(4)美しい浪費家よ
晩餐会の途中で、クララが私室から戻ってきた時、その顔はサファイアのように青ざめていた。
「スター・オブ・マハラシュトラが……盗まれた!」
ローストビーフを切り分けるサー・チャールズの手が震えた。シャンデリアの光がゲストの動揺を照らす。
「なんだって……そんな……嘘だろう」
「本当なのよ、お父様」
クララの声はもはや悲鳴だった。ゲストの低いどよめきと、銀食器の音が、不快な二重奏が伴奏を担う。
「我が家の家宝を失えば、モンタギュー家の名誉が傷つく……」
サー・チャールズの隣でローストビーフに添える赤ワインソースの器を持っていた従者が、彼の背中をそっと支えた。クララは自分の罪を恥じるように、小さな唇をきゅっと噛みしめている。

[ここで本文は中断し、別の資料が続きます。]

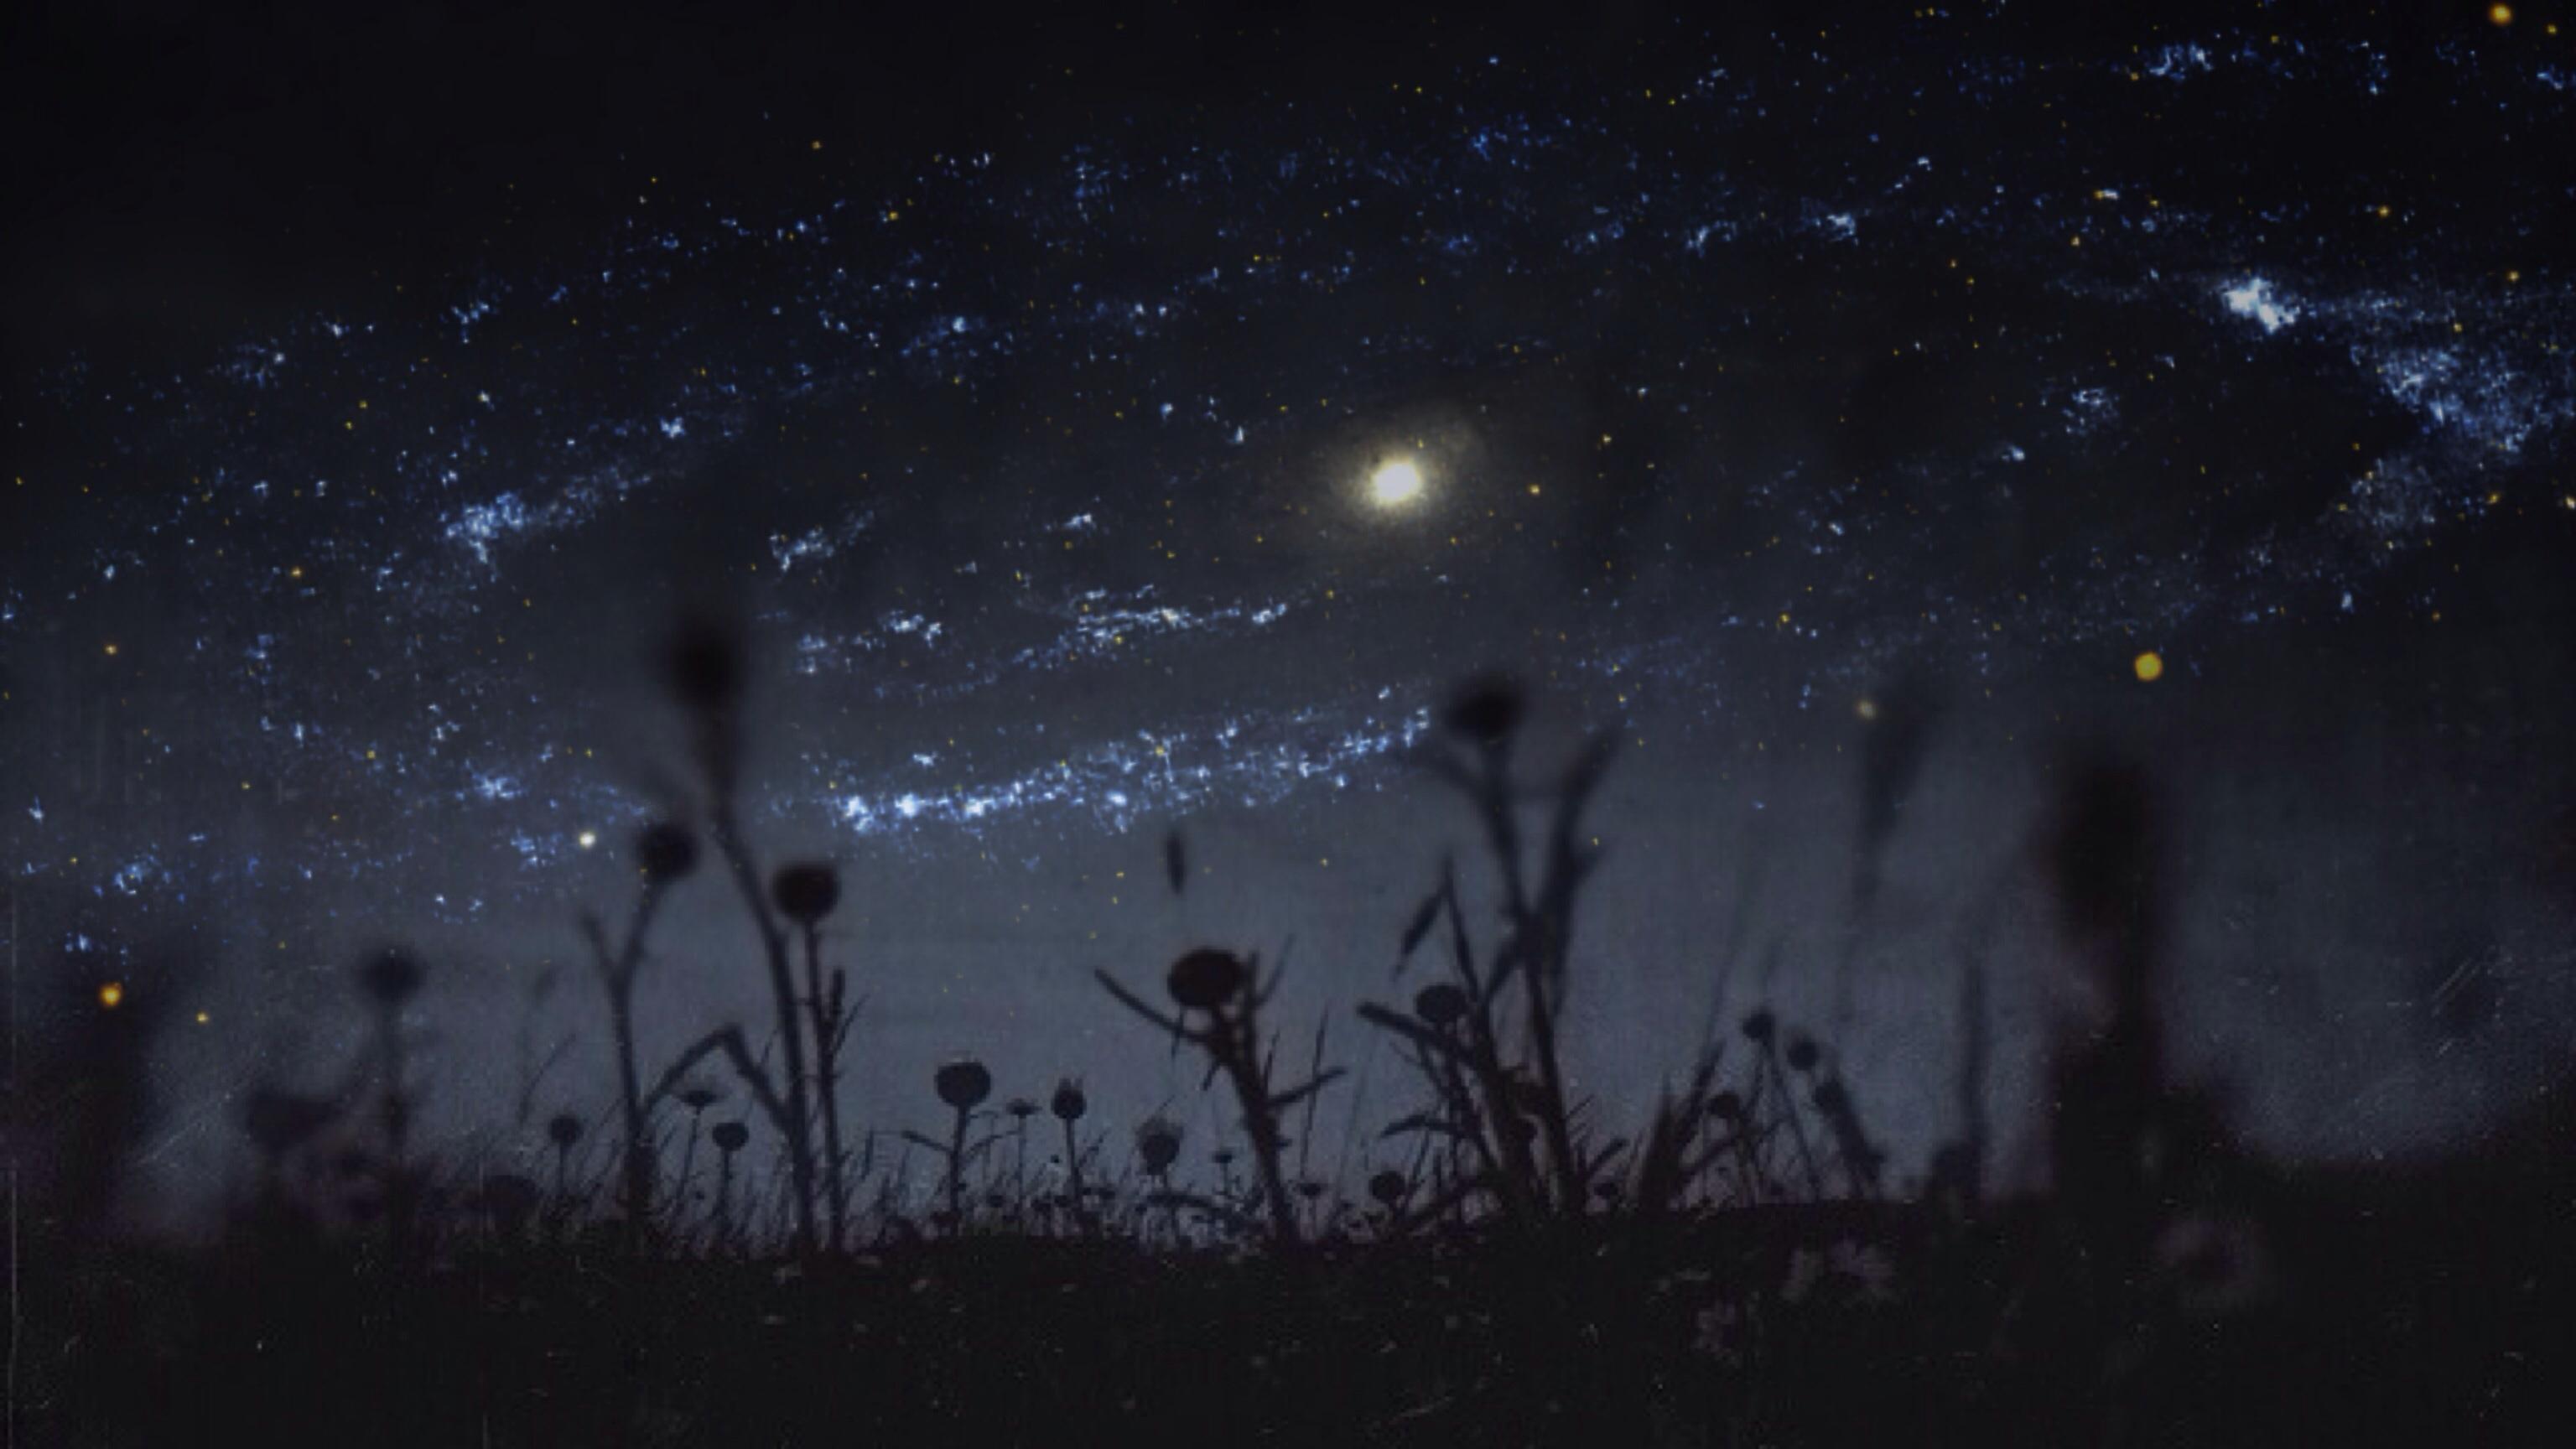 Sky Night Stars Dreamy Wildflowers Tadaa IPhone Atic Galazy Aliensky Pixlromatic Mextures

晩餐室の出入り口に比較的近かったエドワードが、さっとクララのもとへと駆け寄った。
「大丈夫?」
「ええ……いえ……ああ、エドワード、私、混乱してるわ」
「僕の椅子に座って」
スター・オブ・マハラシュトラは時価50,000ポンドとも言われている。王室級の宝飾品に匹敵する。そんな高価なものが盗難されたとなれば新聞の一面を飾ることになるだろう。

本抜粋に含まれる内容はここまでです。